(Records drawn from a dataset)
——
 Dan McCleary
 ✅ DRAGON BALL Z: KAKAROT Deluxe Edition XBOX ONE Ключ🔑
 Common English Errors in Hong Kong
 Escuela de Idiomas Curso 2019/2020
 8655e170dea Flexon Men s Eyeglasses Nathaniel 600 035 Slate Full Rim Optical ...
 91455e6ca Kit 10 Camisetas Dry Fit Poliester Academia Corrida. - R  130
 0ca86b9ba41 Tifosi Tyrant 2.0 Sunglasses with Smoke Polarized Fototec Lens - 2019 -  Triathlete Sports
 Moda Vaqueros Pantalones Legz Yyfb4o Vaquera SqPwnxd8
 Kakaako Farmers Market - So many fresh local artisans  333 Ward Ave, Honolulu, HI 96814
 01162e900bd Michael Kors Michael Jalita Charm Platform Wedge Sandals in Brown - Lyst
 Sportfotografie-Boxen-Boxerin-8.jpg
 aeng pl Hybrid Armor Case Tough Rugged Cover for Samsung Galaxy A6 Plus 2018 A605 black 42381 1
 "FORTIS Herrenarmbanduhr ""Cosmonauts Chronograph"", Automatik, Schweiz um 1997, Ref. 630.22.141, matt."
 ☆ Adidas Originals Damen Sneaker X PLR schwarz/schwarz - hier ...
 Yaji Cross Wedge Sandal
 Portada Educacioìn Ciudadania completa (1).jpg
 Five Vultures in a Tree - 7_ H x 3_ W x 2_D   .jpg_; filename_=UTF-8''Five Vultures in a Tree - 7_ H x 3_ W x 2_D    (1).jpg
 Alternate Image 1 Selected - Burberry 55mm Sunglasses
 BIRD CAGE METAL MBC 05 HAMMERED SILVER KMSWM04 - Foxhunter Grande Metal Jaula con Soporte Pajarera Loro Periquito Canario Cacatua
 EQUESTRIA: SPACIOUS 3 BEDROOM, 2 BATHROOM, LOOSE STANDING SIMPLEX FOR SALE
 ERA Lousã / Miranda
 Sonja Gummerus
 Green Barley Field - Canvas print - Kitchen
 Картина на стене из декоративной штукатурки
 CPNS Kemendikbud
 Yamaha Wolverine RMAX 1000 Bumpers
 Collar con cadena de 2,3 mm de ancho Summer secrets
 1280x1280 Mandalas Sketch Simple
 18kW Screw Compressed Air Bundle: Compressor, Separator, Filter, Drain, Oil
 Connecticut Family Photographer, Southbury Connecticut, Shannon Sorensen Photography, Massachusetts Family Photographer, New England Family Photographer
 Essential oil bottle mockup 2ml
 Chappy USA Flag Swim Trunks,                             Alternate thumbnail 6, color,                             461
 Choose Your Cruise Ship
——
= Your task =
Reproduce without change every line of the entries above, from the one containing "Common English Errors in Hong Kong" through the last.

= Output below =
 Common English Errors in Hong Kong
 Escuela de Idiomas Curso 2019/2020
 8655e170dea Flexon Men s Eyeglasses Nathaniel 600 035 Slate Full Rim Optical ...
 91455e6ca Kit 10 Camisetas Dry Fit Poliester Academia Corrida. - R  130
 0ca86b9ba41 Tifosi Tyrant 2.0 Sunglasses with Smoke Polarized Fototec Lens - 2019 -  Triathlete Sports
 Moda Vaqueros Pantalones Legz Yyfb4o Vaquera SqPwnxd8
 Kakaako Farmers Market - So many fresh local artisans  333 Ward Ave, Honolulu, HI 96814
 01162e900bd Michael Kors Michael Jalita Charm Platform Wedge Sandals in Brown - Lyst
 Sportfotografie-Boxen-Boxerin-8.jpg
 aeng pl Hybrid Armor Case Tough Rugged Cover for Samsung Galaxy A6 Plus 2018 A605 black 42381 1
 "FORTIS Herrenarmbanduhr ""Cosmonauts Chronograph"", Automatik, Schweiz um 1997, Ref. 630.22.141, matt."
 ☆ Adidas Originals Damen Sneaker X PLR schwarz/schwarz - hier ...
 Yaji Cross Wedge Sandal
 Portada Educacioìn Ciudadania completa (1).jpg
 Five Vultures in a Tree - 7_ H x 3_ W x 2_D   .jpg_; filename_=UTF-8''Five Vultures in a Tree - 7_ H x 3_ W x 2_D    (1).jpg
 Alternate Image 1 Selected - Burberry 55mm Sunglasses
 BIRD CAGE METAL MBC 05 HAMMERED SILVER KMSWM04 - Foxhunter Grande Metal Jaula con Soporte Pajarera Loro Periquito Canario Cacatua
 EQUESTRIA: SPACIOUS 3 BEDROOM, 2 BATHROOM, LOOSE STANDING SIMPLEX FOR SALE
 ERA Lousã / Miranda
 Sonja Gummerus
 Green Barley Field - Canvas print - Kitchen
 Картина на стене из декоративной штукатурки
 CPNS Kemendikbud
 Yamaha Wolverine RMAX 1000 Bumpers
 Collar con cadena de 2,3 mm de ancho Summer secrets
 1280x1280 Mandalas Sketch Simple
 18kW Screw Compressed Air Bundle: Compressor, Separator, Filter, Drain, Oil
 Connecticut Family Photographer, Southbury Connecticut, Shannon Sorensen Photography, Massachusetts Family Photographer, New England Family Photographer
 Essential oil bottle mockup 2ml
 Chappy USA Flag Swim Trunks,                             Alternate thumbnail 6, color,                             461
 Choose Your Cruise Ship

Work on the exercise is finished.